To reveal the potential relationships among the three stakeholder categories, the Louvain clustering algorithm [26] is applied to the airspace-system unsafe-event network for community detection. The Louvain algorithm is a widely used method based on multi-level modularity optimization, which efficiently partitions large networks into communities characterized by dense internal connections and sparse external links. This method partitions nodes into communities characterized by high internal cohesion and low external coupling, maximizing intra-community connection strength while minimizing inter-community links, and achieves large-scale clustering at multiple resolutions without predefining the number of communities.
Applying the Louvain algorithm to the constructed unsafe-event network separates event nodes into distinct modules, with nodes in the same module depicted in the same color. The result is an unsafe-event network divided into three modules, as shown in Figure 7. Within each module, event nodes exhibit relatively dense interconnections, whereas connections between nodes in different modules are comparatively sparse.

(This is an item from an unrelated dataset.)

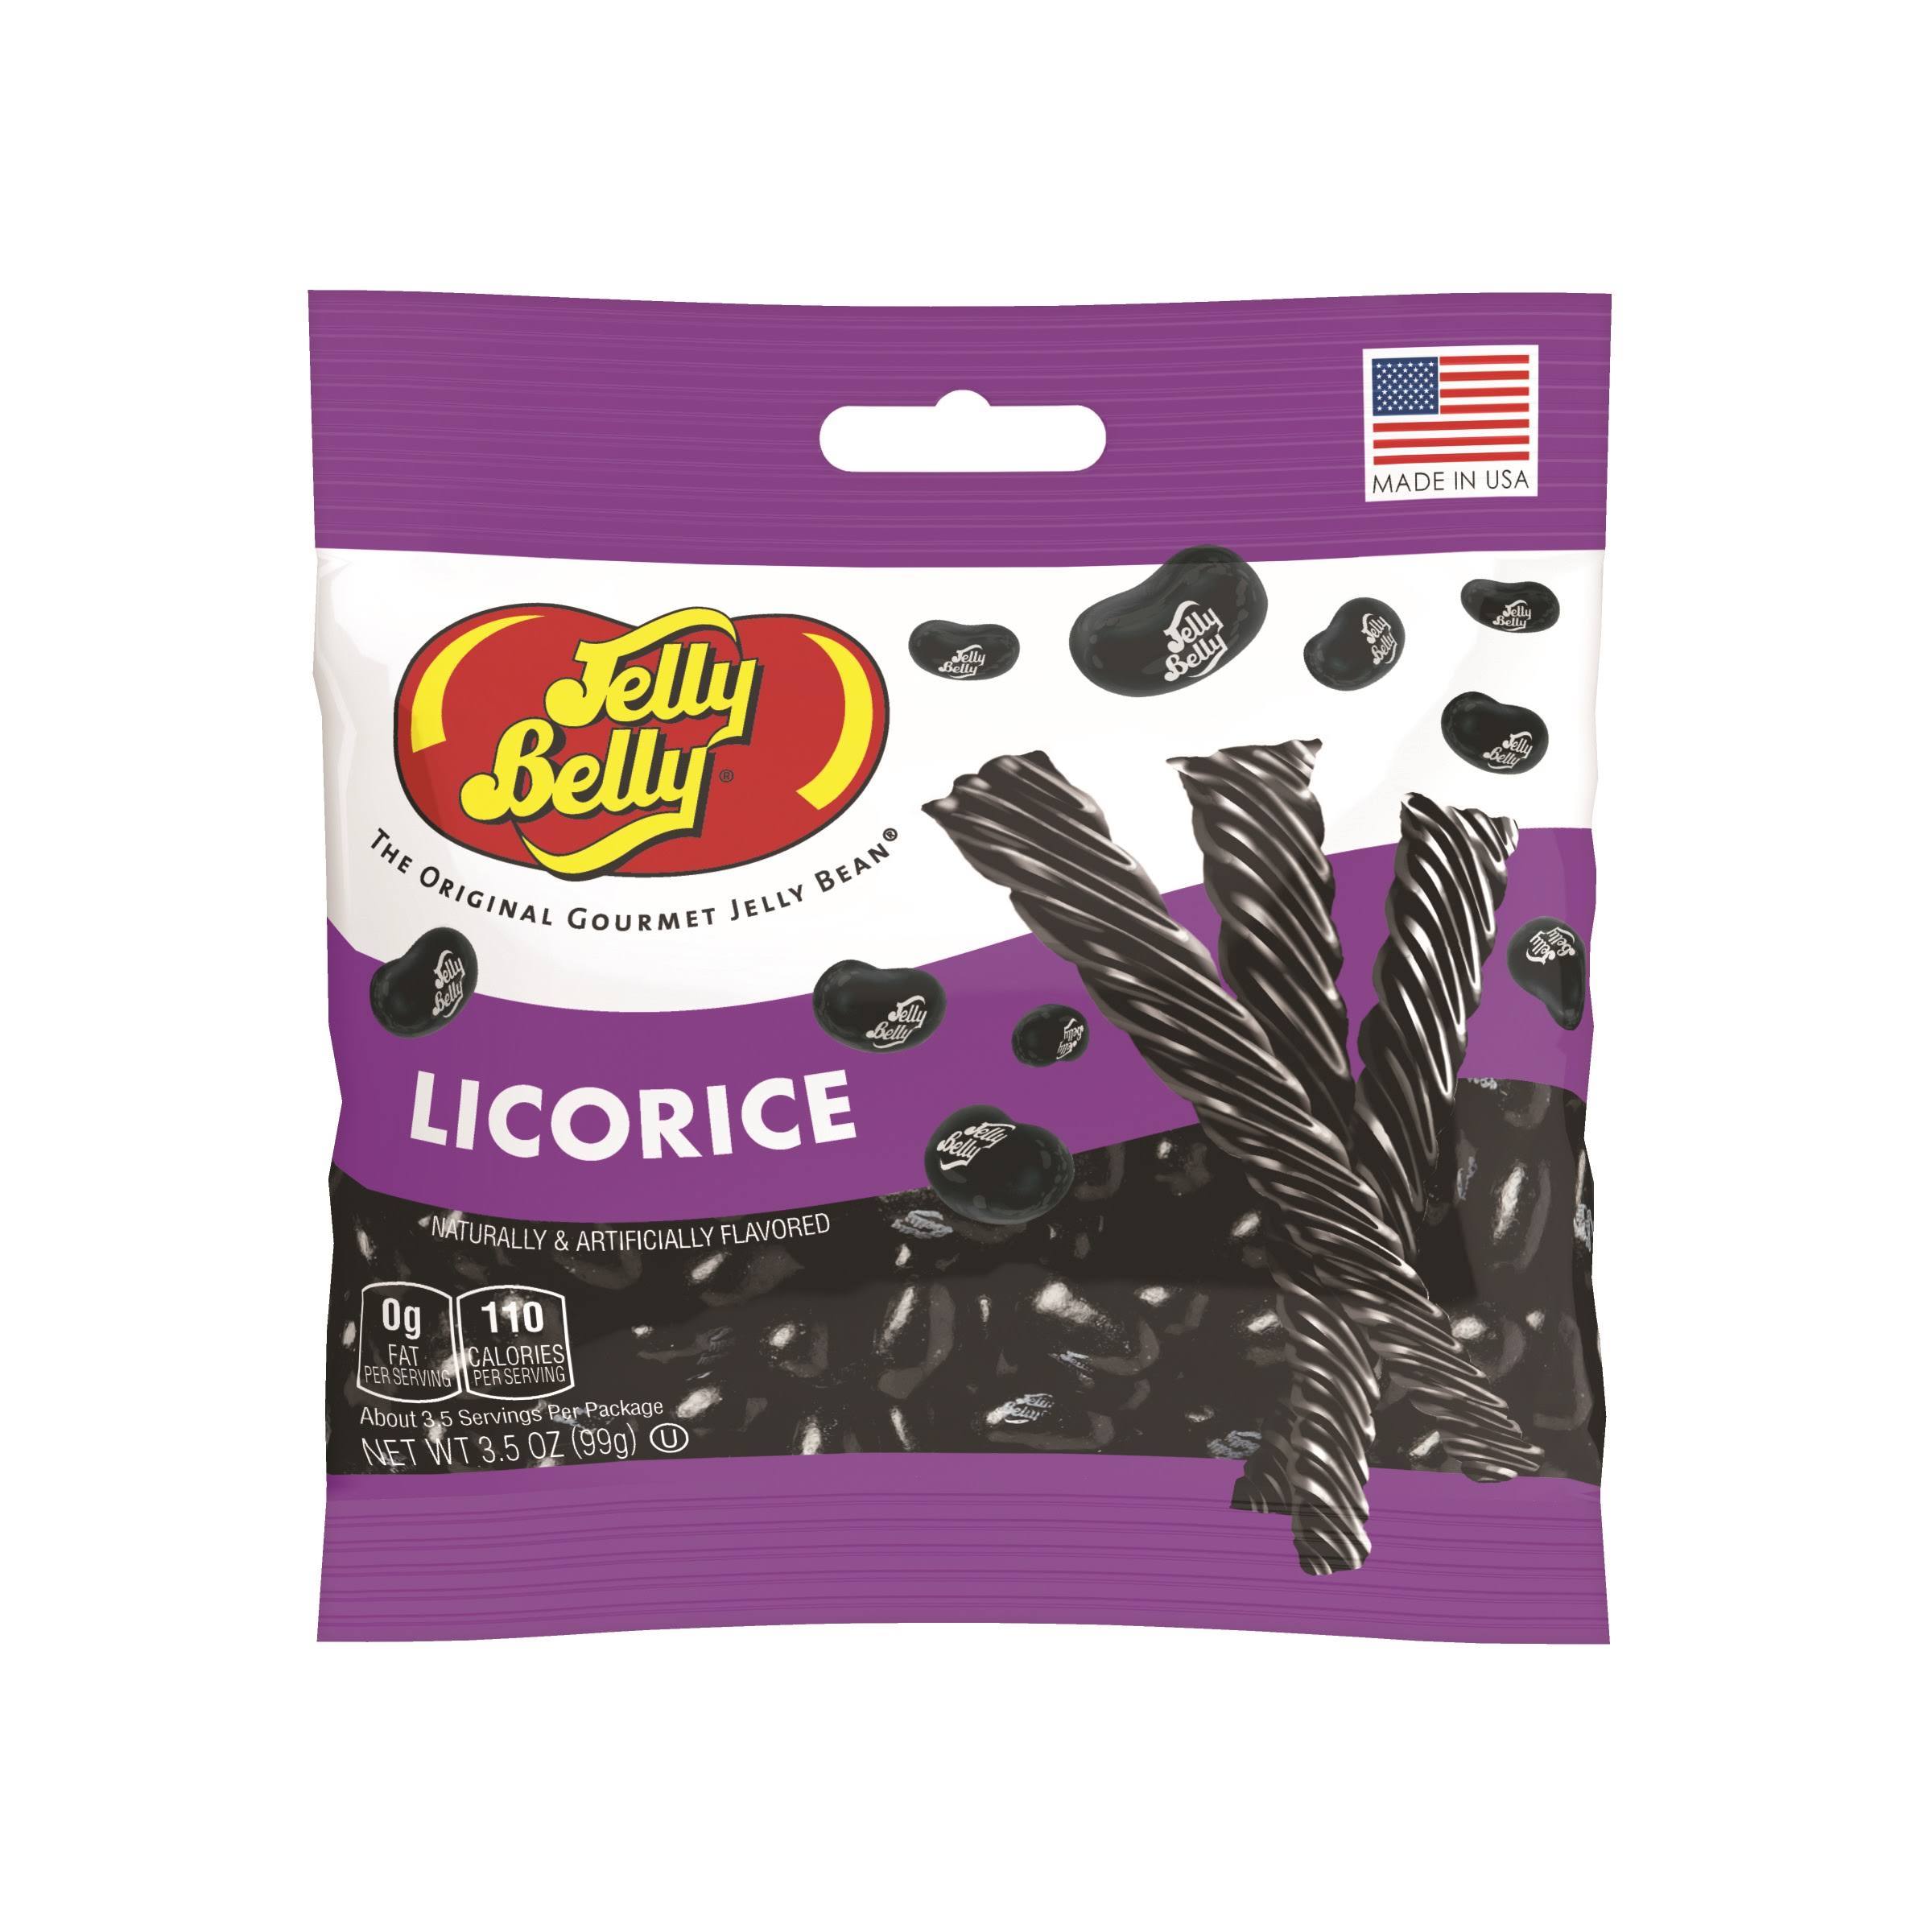 Jelly Belly Licorice Beans Candy - 3.5oz

In high-risk events, the Controller stakeholder contributes the greatest number of key nodes, reflecting that failures or operational vulnerabilities within the Air Traffic Management System have the most significant impact on airspace safety; the Operator and User stakeholders each account for approximately 30% of the key nodes, indicating that unsafe events often arise from a combination of resource-provision and user-behavior factors.
From the three-stakeholder perspective, key nodes in the Air Traffic Management System typically exhibit high intervention counts and rapid response times; key nodes in the Airspace Resource System often involve coupling triggers across multiple events and key nodes in the Airspace User System, although relatively few are frequently connected to events from other stakeholder groups.
Overall, although these key nodes represent only a small fraction of the network, they constitute its “high-risk backbone,” consistent with existing research showing that safeguarding critical network nodes can markedly enhance system robustness.
Figure 8 presents boxplots of centrality distributions for key nodes associated with the three stakeholder categories. Figure 8 depicts degree centrality, closeness centrality, and betweenness centrality. The boxplots illustrate the differences in each centrality measure among key nodes belonging to the Air Traffic Management System, the Airspace Resource System, and the Airspace User System.
Key nodes of different stakeholder types exhibit significant differences in centrality measures. Controller nodes have the highest overall betweenness centrality, Operator nodes show a markedly higher degree centrality distribution compared with other stakeholders, and User nodes have relatively low degree and betweenness centralities. In terms of closeness centrality, all three stakeholder categories register high values, indicating that these key nodes can typically reach other nodes in the network within a short distance. The closeness centrality of Operator and Controller nodes is slightly higher than that of User nodes, reflecting their more central positions in the network. Although User nodes have low degree and betweenness centralities, their connections via Controller and Operator nodes result in a relatively short average path length to other nodes, thus maintaining high closeness centrality.
These findings demonstrate that the Air Traffic Management System, as the command and dispatch hub, serves as a bridge in the network and exhibits the highest betweenness centrality; Airspace Resource nodes connect numerous User and Controller nodes, and therefore, have the highest degree centrality and Airspace User nodes, being peripheral entities with limited connections, have lower degree and betweenness centralities.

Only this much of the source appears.